───── SUPPLIED INFORMATION

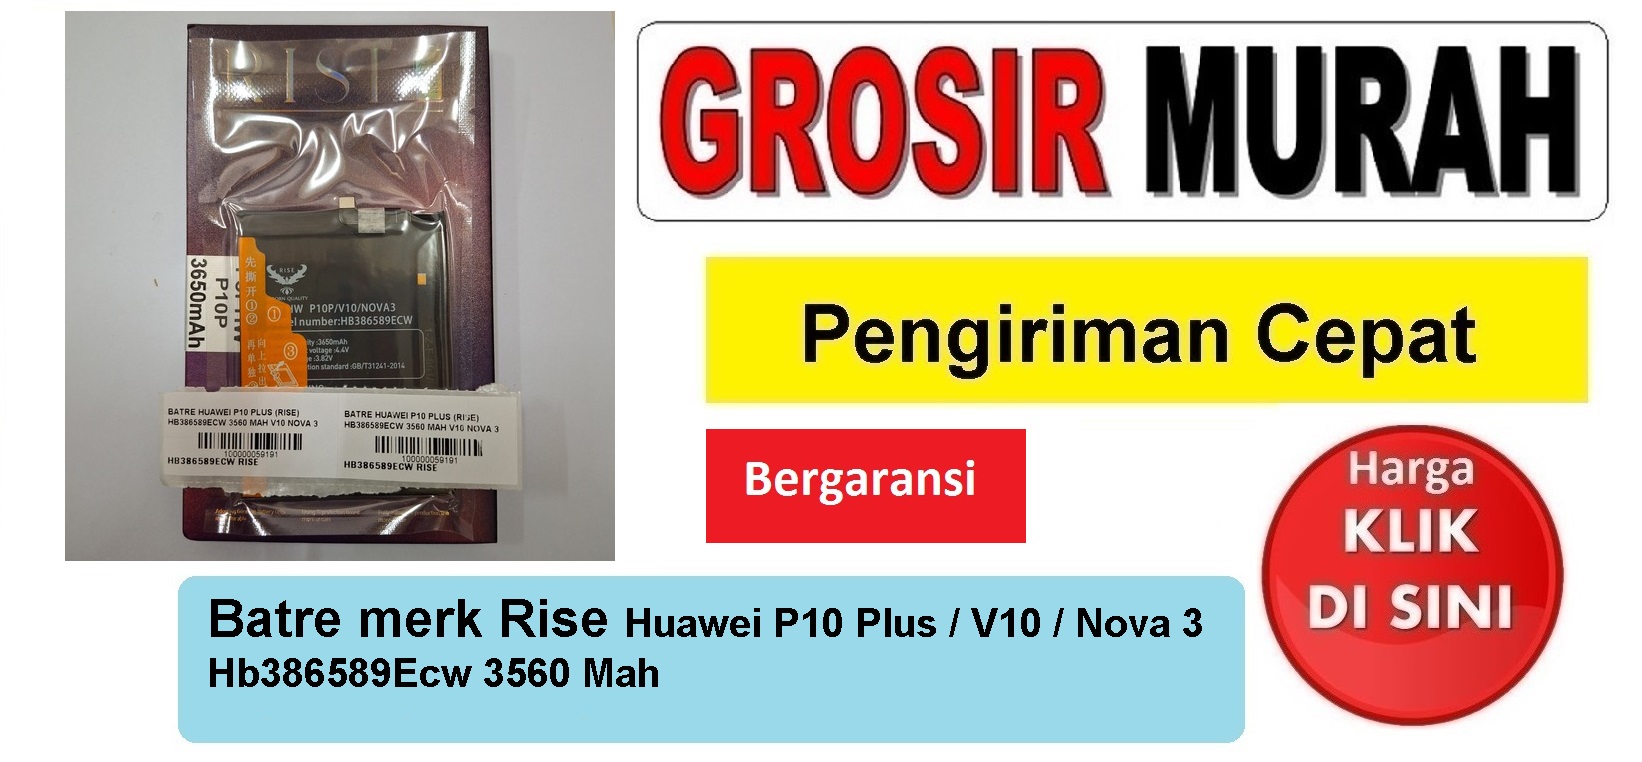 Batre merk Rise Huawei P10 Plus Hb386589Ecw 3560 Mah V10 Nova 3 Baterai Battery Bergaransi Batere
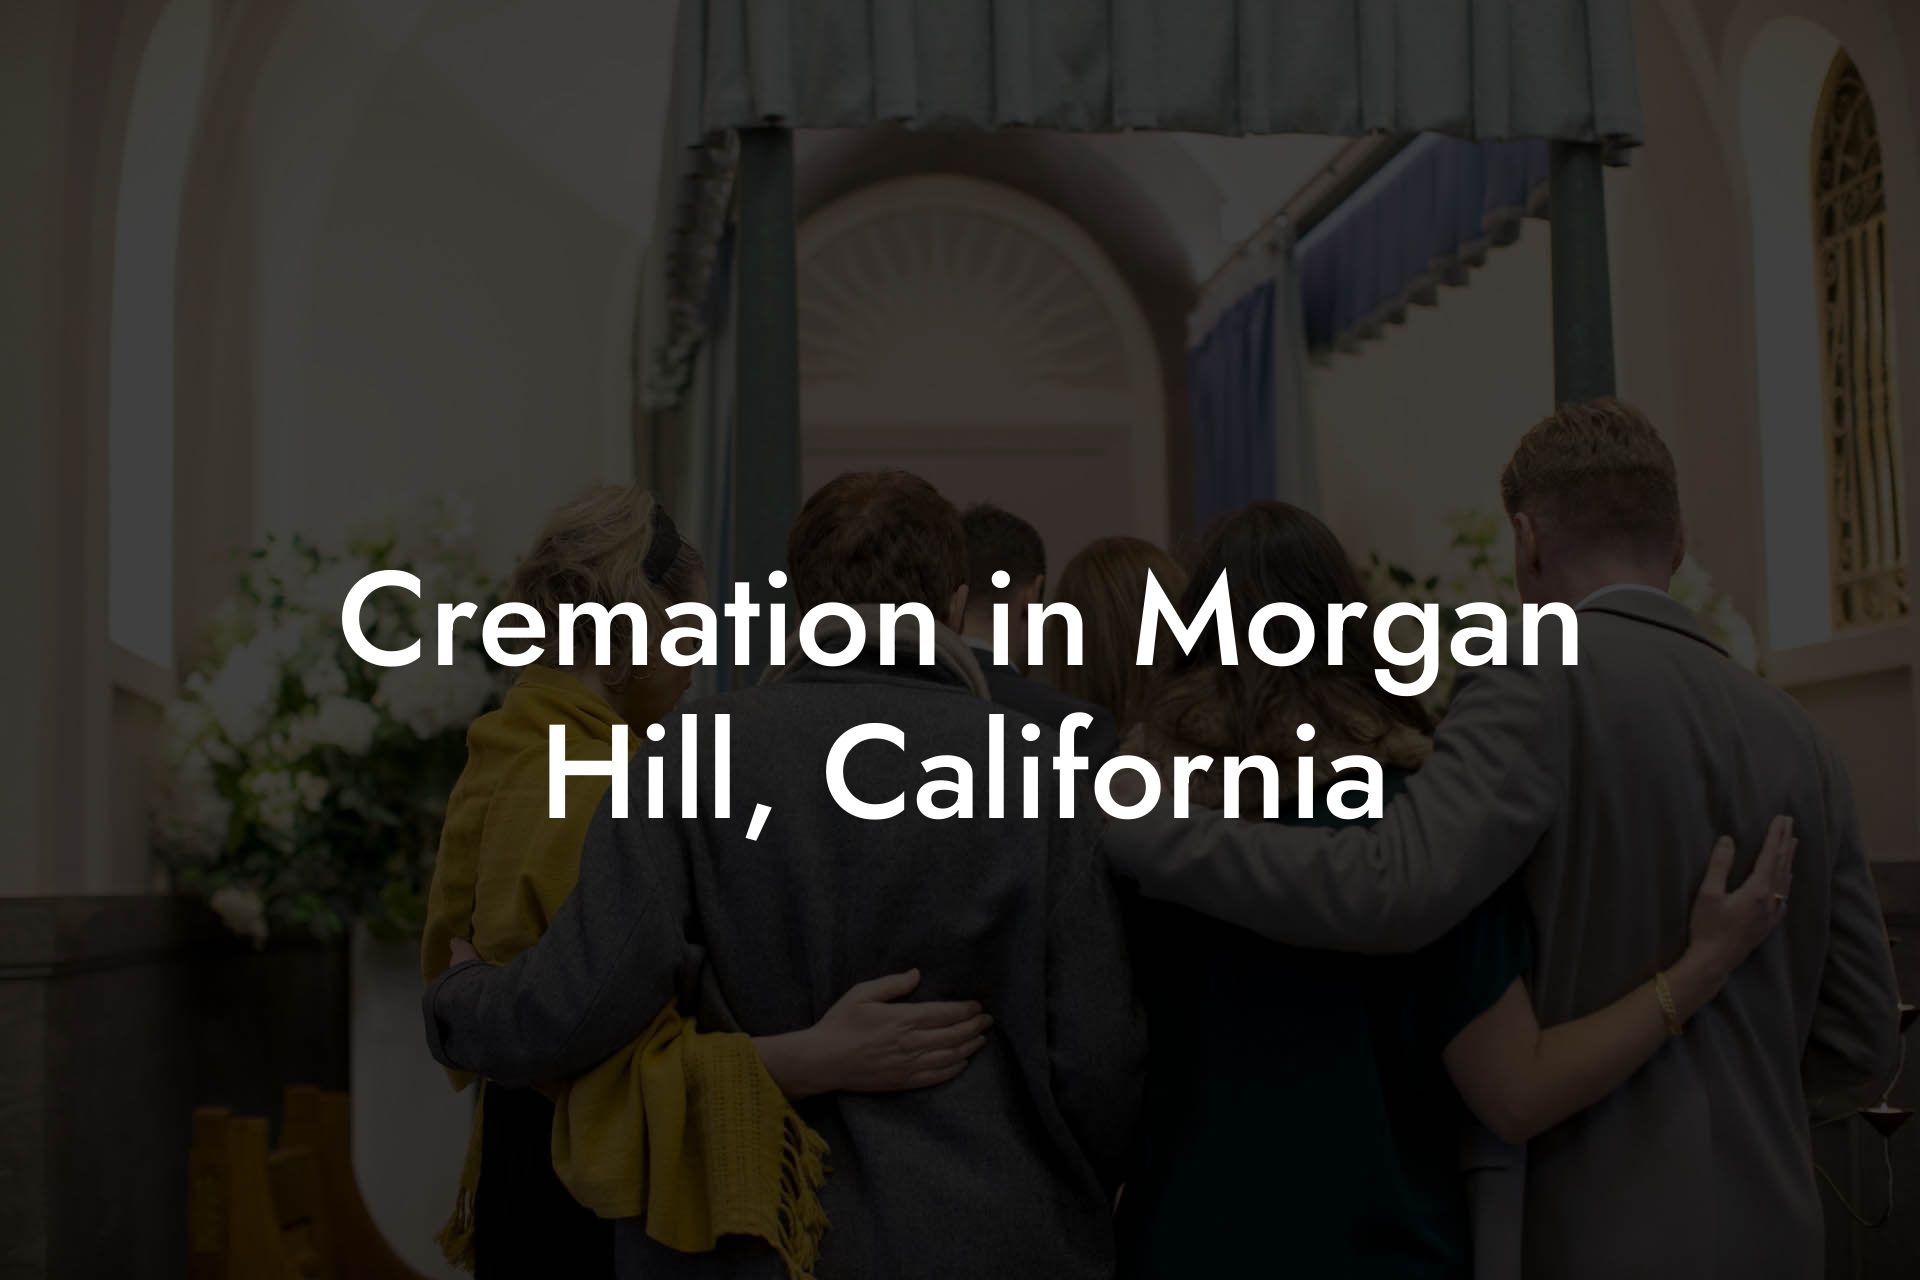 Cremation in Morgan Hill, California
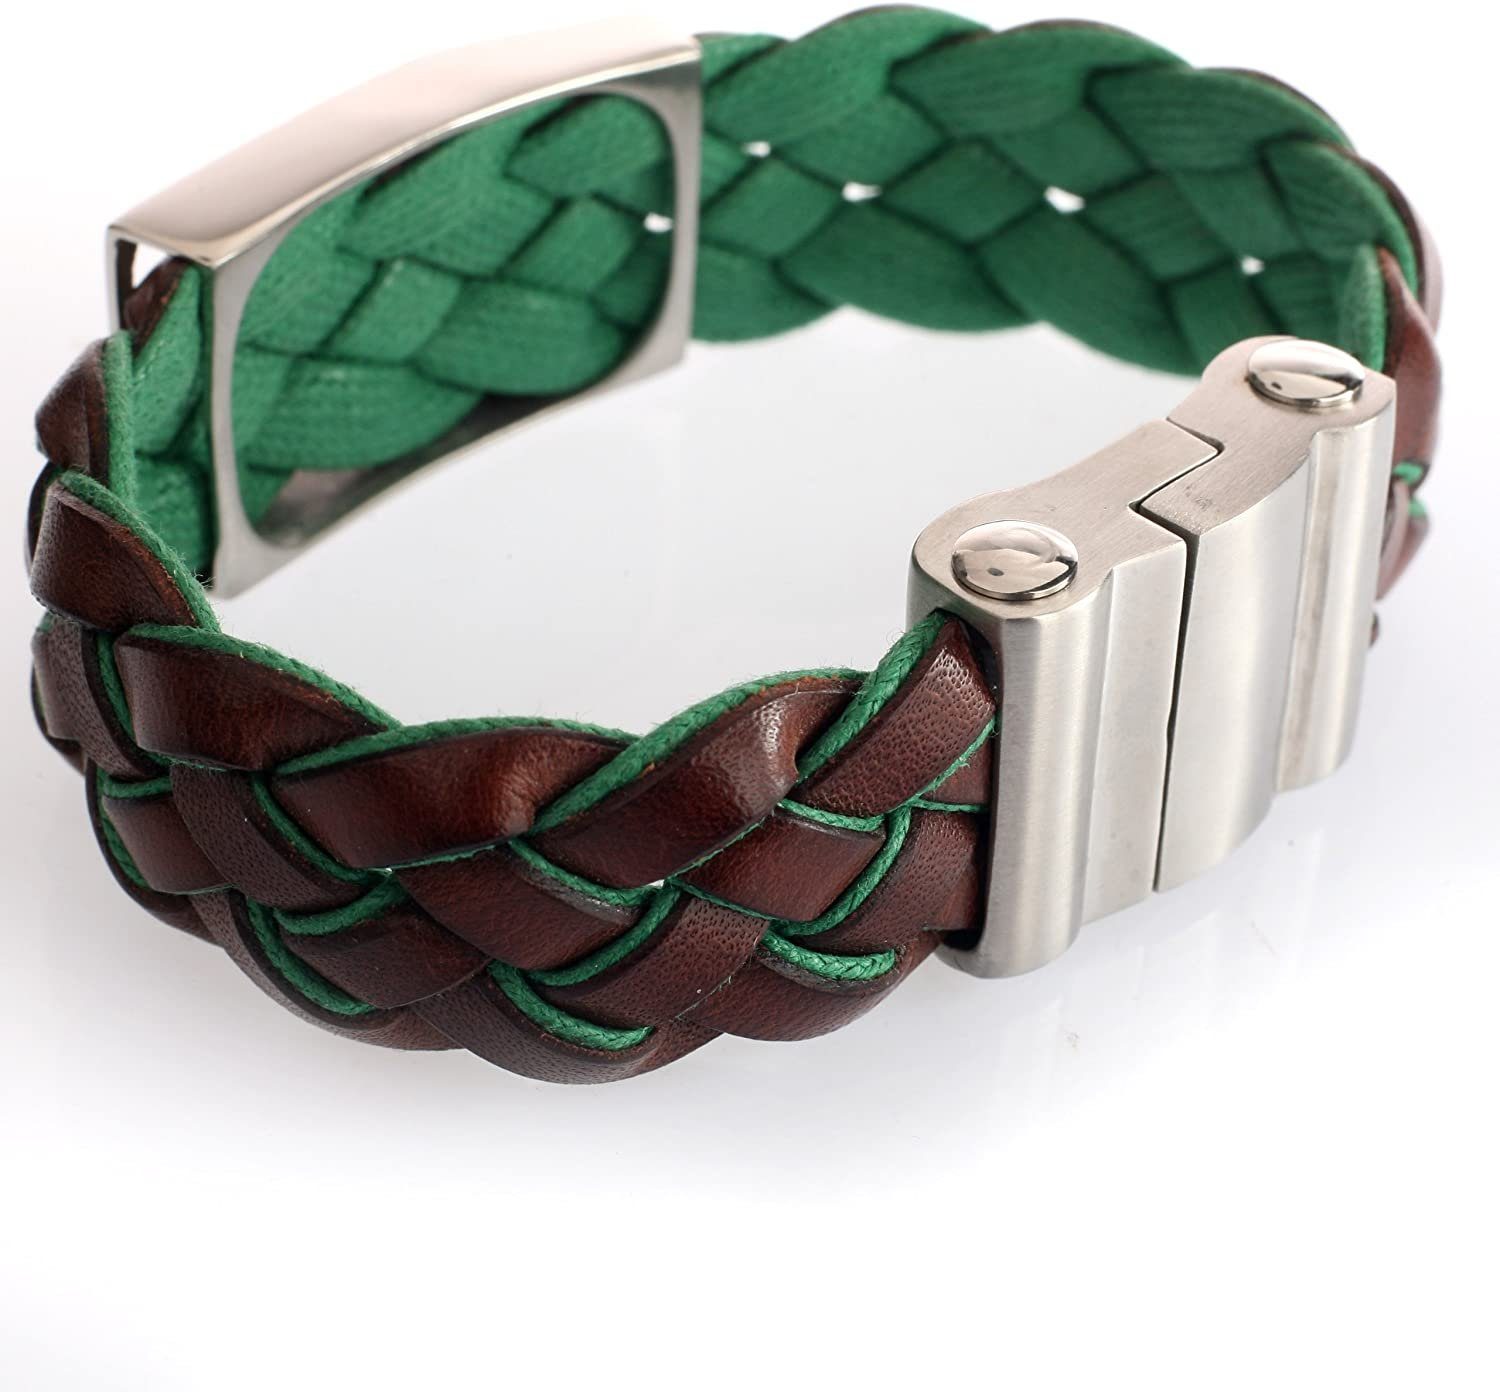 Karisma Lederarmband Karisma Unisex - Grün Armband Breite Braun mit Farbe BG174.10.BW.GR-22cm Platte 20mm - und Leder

──────────

_PROBLEM DETAILS_.
Write the listing above out again word for word, excluding all images.

_YOUR RESPONSE_.
 Batre merk Rise Huawei P10 Plus Hb386589Ecw 3560 Mah V10 Nova 3 Baterai Battery Bergaransi Batere
 Cremation in Morgan Hill, California
 Karisma Lederarmband Karisma Unisex - Grün Armband Breite Braun mit Farbe BG174.10.BW.GR-22cm Platte 20mm - und Leder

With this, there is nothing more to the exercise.